DATA UNDER STUDY ->
************

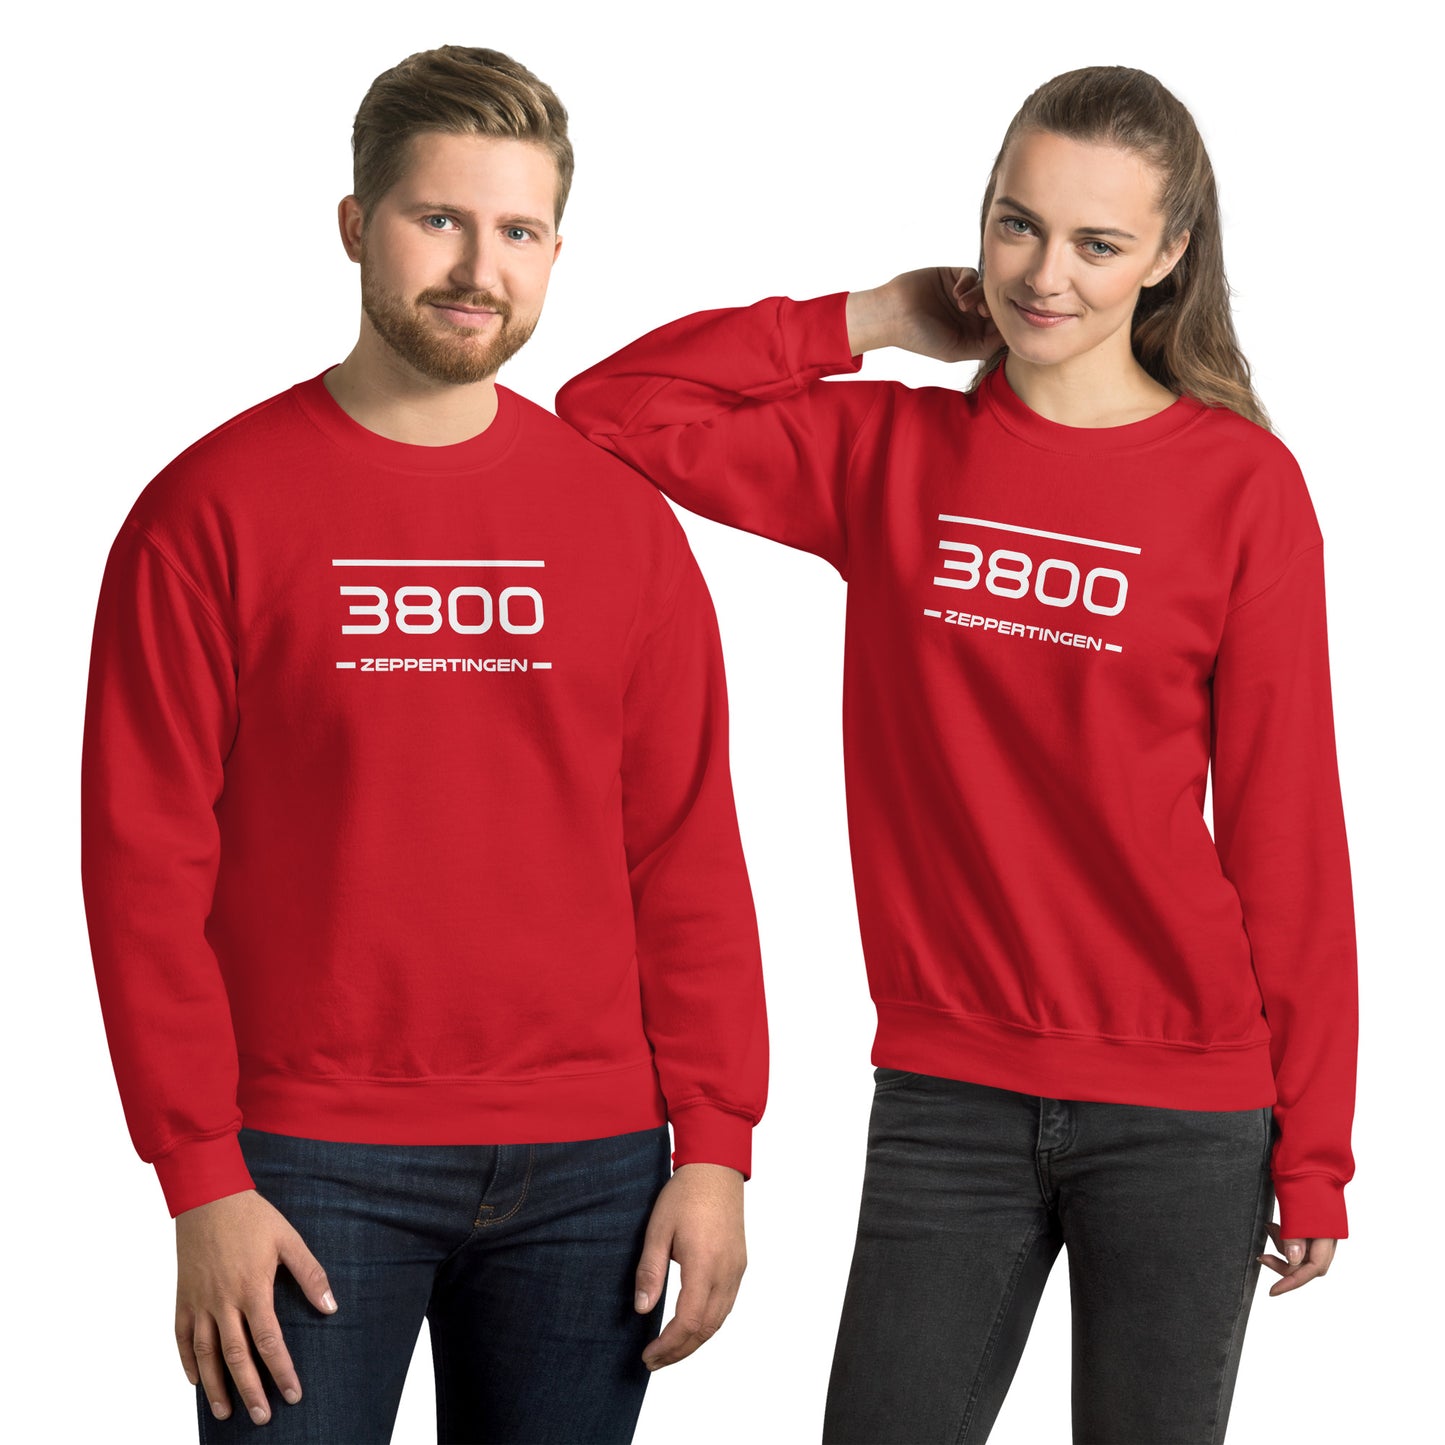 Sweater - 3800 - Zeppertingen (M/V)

************

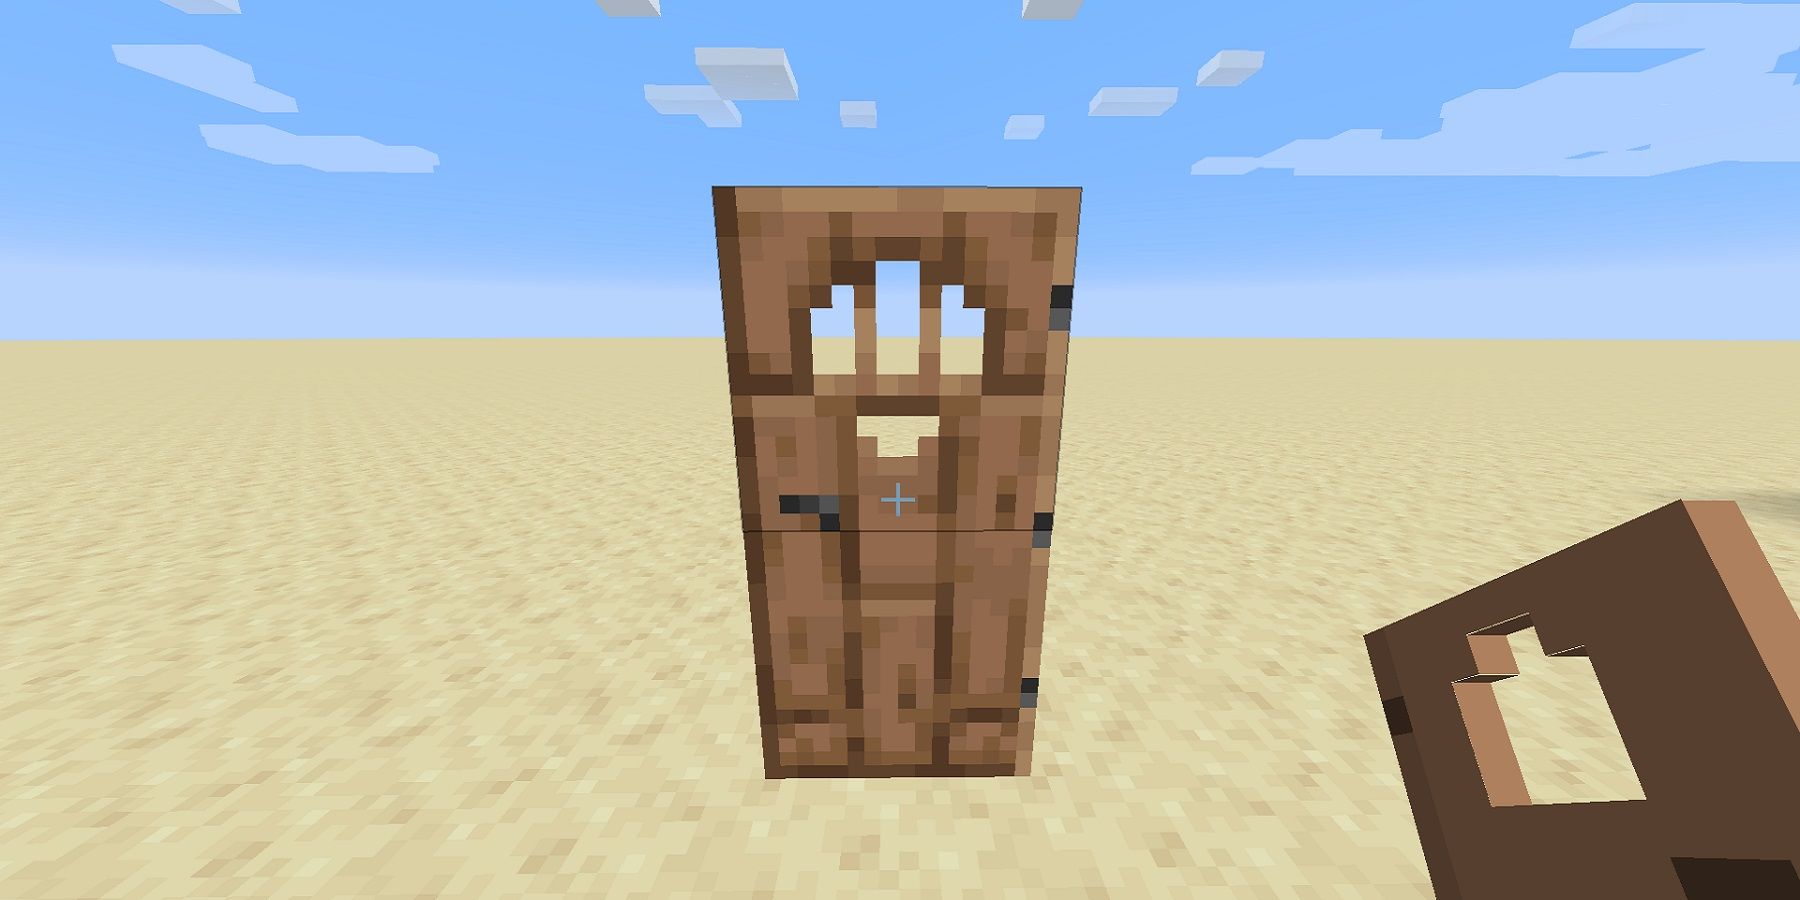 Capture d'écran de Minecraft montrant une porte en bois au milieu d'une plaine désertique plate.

************

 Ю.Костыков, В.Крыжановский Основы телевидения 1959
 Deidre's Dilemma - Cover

************

WORK TO COMPLETE -> What are the lines, exactly as written above, from the line with "Ю.Костыков, В.Крыжановский Основы" to the line with "Deidre's Dilemma - Cover", both included? Output only those.

RESULT FOR THIS EXERCISE ->
 Ю.Костыков, В.Крыжановский Основы телевидения 1959
 Deidre's Dilemma - Cover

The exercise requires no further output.